His brothers had been excellent students. Sohan was bright, but he had been hyperactive and
the class clown. In school, he had never been able to focus his attention well enough to
excel at anything but physical education. To please his parents, after high school Sohan tried
a semester of junior college. It was worse than high school; the only thing that kept him going
was guilt. Whereas his older brother was admitted to law school (with honors at entrance),
and his younger brother mopped up the prizes at the state science fair, Sohan felt almost
joyful when his birthday was that year’s fourth pick in the national draft lottery. The
following day he enlisted in the Army.

Somewhere in his schooling Sohan had learned to type, so he was assigned to his
battalion’s administrative section. He liked to say that throughout 4 years in the military,
he never fired his weapon in anger. By comparison with some of the older men’s
alcohol use, his drinking was moderate. Although he had about the usual number of
fights, he managed to avoid serious trouble. When he left the service at age 22, he had held
onto his sergeant’s stripes through two tours of duty in Vietnam. After that, life suddenly got
serious. Working part-time after hours in the post exchange, Sohan had discovered that he
was a natural salesman. So it had seemed a logical move to take a job selling life insurance. It
also seemed sensible to marry the boss’s daughter. When 2 years later his father-in-law died
suddenly, Sohan became sole proprietor of the agency.

“The business made me, and it ruined me,” he said. “I made a lot of money having lunch with
people and selling them large policies. I told myself that I had to drink with them in order to
make a sale, but I suppose that was just rationalization.” As time went on, Sohan’s two-
martini lunches turned into four-martini lunches. By the time he was 31, he was skipping
lunch completely and nipping throughout the afternoon to “keep a glow on.” At the end of the
day, he was sometimes surprised to see how much had disappeared from the bottle he kept in
his desk drawer.
The past year had brought Sohan two unpleasant surprises. The first came when his doctor
informed him that the nagging pain just above his navel was an ulcer; for
the sake of his health, he would have to stop drinking. The second, which in a way
seemed worse because it injured his pride, occurred one afternoon over lunch.
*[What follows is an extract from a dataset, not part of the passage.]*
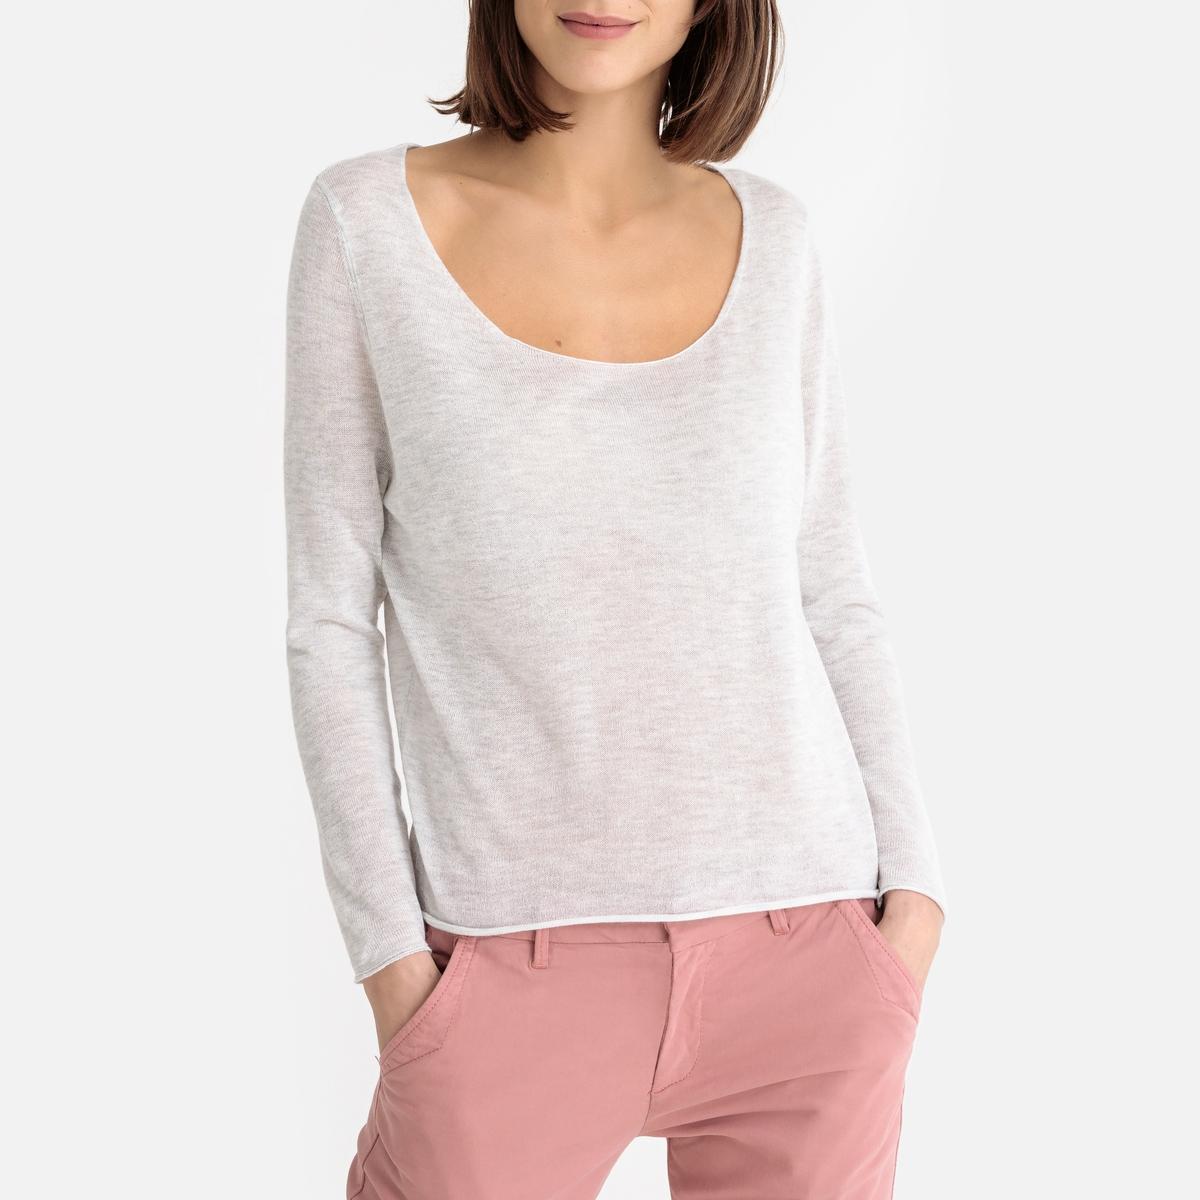 Пуловер La Redoute С вырезом-лодочкой из тонкого трикотажа SPIKBOO M серый пуловер la redoute с вырезом лодочкой из тонкого трикотажа m красный

A longtime
client of the agency apologetically said that he would be taking his substantial
business elsewhere; his wife didn’t feel comfortable that he was “doing business with a
lush.” Thinking back, Sohan realized that there had been several other, less blatant instances
of customers departing the fold.

The result had been his resolve to quit, or at least to reduce the amount of his
drinking. (“Quitting is easy,” he remarked ruefully. “I did it twice in 1 month.”) At first
he promised himself he wouldn’t drink before 5 p.m.; that proved impractical, and he
later amended it to “around lunchtime.” With the level in his desk drawer bottle receding
as fast as ever, Sohan decided he would try Alcoholics Anonymous. “That was worse than
useless,” he explained. “The stories I heard from some of those people made me feel like a
teetotaler.”
A comment made by his wife eventually brought him in for evaluation. “You used to drink to
have a good time,” she told him. “Now you drink because you need it.”

By the time Sohan sought help, he was drinking the equivalent of nearly a pint of
hard liquor per day. He declined the offer of a brief hospitalization to detoxify, and
instead began an outpatient withdrawal regimen of decreasing doses of a benzodiazepine. He
was asked to return in 3 days.

On Sohan’s next visit, he looked gray and unhappy. He signed in at the registration desk
with a wobbly scrawl, and his hand shook as he reached out an arm to have his
blood pressure and pulse taken. Each of these vital signs was elevated.
For 3 days Sohan had drunk no alcohol at all. Beginning the second morning, he
had felt increasingly anxious—a sensation reminding him of his first night in Vietnam,
when he had awakened to the booming of howitzers. His anxiety grew throughout the
day. Although he was exhausted by bedtime, he hardly slept at all. When he arrived 4
hours early for his clinic appointment, he admitted that he had taken none of the medicine he
had been given. “I wanted to do it myself,” he explained. Over the next several days, Sohan’s
withdrawal symptoms abated. Within 2 weeks, he no longer needed the medication.
However, because he felt strongly tempted to drink when he was having lunch with clients,
he requested disulfiram (Antabuse) therapy. Three months later, Sohan was still taking
disulfiram and still hadn’t touched alcohol. He attended at least one Alcoholics Anonymous
meeting each day. He had rescued his insurance business from the doldrums and had even
persuaded two of his former clients to return with their business. However, he admitted that
he occasionally felt acute episodes of anger when he wanted a drink.

2. Rachel Antony

In one of Rachel Antony’s earliest memories, she was 4 years old and sitting on her
grandfather’s lap. She would rest her head against his soft old cotton sweater. He would
wrap his arms securely around her, and she would cling to his neck. Also clinging to
him was a particular smell that she always associated with her grandfather. It wasn’t until she
was a teenager that she realized what it was: beer.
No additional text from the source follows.